Actually, Solution D WOULD work for the IM_ASSERT scenario:
- IM_ASSERT fires during `test_execution_sim_live` (test 4 in test_extended_sims.py)
- Next test is... well, there are no more tests in test_extended_sims.py
- Next file is test_live_workflow.py, first test is test_full_live_workflow
- Solution D's autouse fixture would re-spawn the subprocess before test_full_live_workflow

So Solution D is actually a viable primary approach. Let me reconsider.

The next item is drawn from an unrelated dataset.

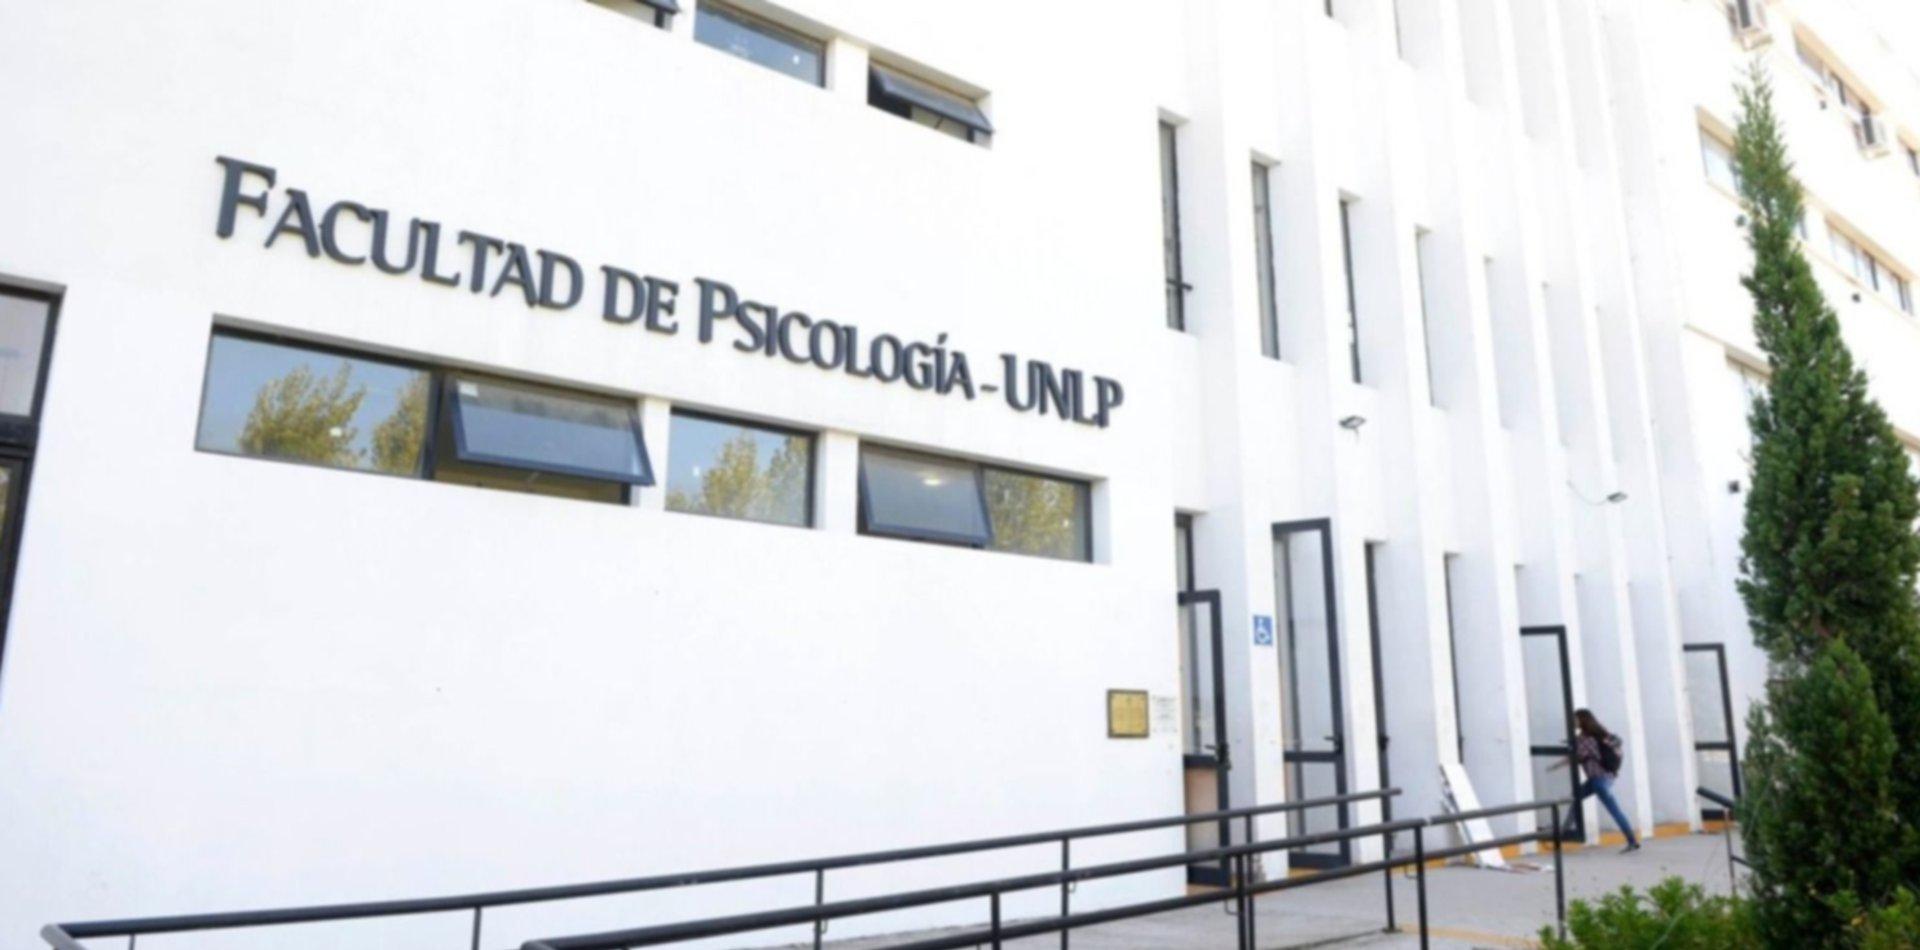 Dolor y duelo por la muerte de una docente de Psicología que se contagió COVID-19

**Revised recommendation:**
- **Solution D (autouse fixture auto-respawn)** as the primary. It's the most surgical.
- **Solution A (per-file scope)** as the alternative if Solution D's autouse approach has side effects.
- **Solution C (per-batch warning)** as a safety net for any case the autouse doesn't catch.

---

## 5. Open Questions for the User

Before implementation, these need clarification:

1. **Fixture scope preference:** Per-file (Solution A) or per-test auto-respawn (Solution D)?
   - Per-file: more overhead but simpler reasoning
   - Per-test auto-respawn: more surgical but adds an autouse hook
   - My recommendation: Solution D. It's the closest to "the next test file gets a clean subprocess" without changing the fixture's API.

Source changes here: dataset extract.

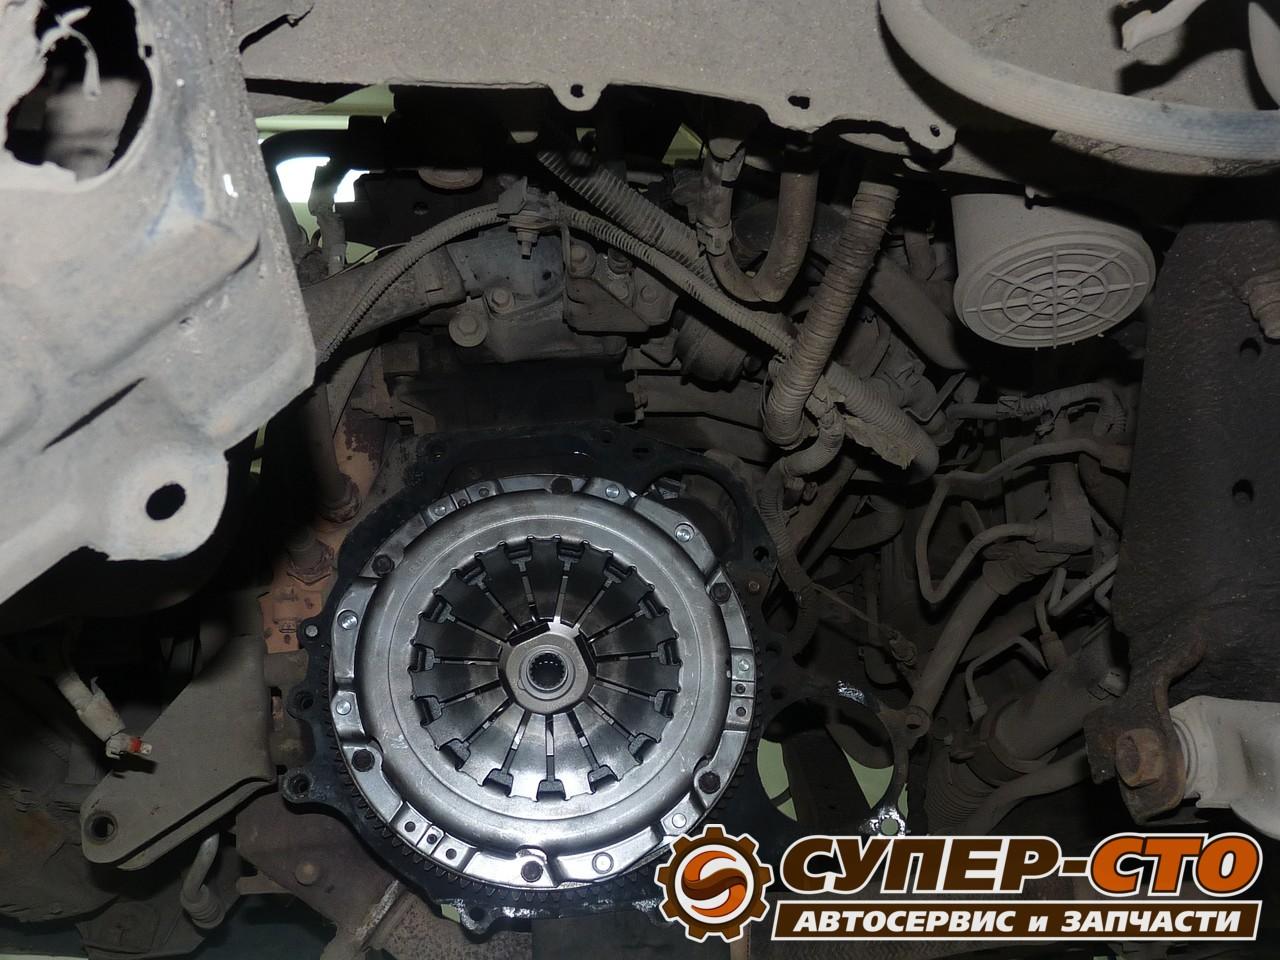 Самостоятельная замена сцепления Nissan Almera N16 54

2. **State reset on respawn:** When the subprocess is re-spawned, should the new subprocess inherit any state (e.g., loaded project, recent discussion)?
   - My recommendation: No. Fresh subprocess = fresh state. Tests should set up their own state.

3. **Failure signaling:** If the subprocess can't be respawned (e.g., port 8999 still in use from a zombie), should the test fail immediately or retry?
   - My recommendation: Fail immediately with a clear error. Retries can hide real issues.

4. **Backward compatibility:** Are there tests that explicitly DEPEND on the session-scoped behavior (e.g., they share state across files)?
   - Need to audit. The audit is part of Solution A; for Solution D, the audit is less critical because respawned subprocesses are NEW instances (no shared state with prior subprocesses).

---

## 6. References

- `tests/conftest.py:282` — current `live_gui` fixture (session-scoped)
- `tests/conftest.py:516-547` — `live_gui` fixture finally block (kill + cleanup)
- `scripts/run_tests_batched.py:136-164` — `_run_batch` function
- `scripts/run_tests_batched.py:51-86` — batch result tracking
- `docs/reports/test_full_live_workflow_propagation_digest_20260608.md` — full solution matrix
- `conductor/todos/TODO_test_full_live_workflow_v2.md` — task list including Task 4 (batch isolation)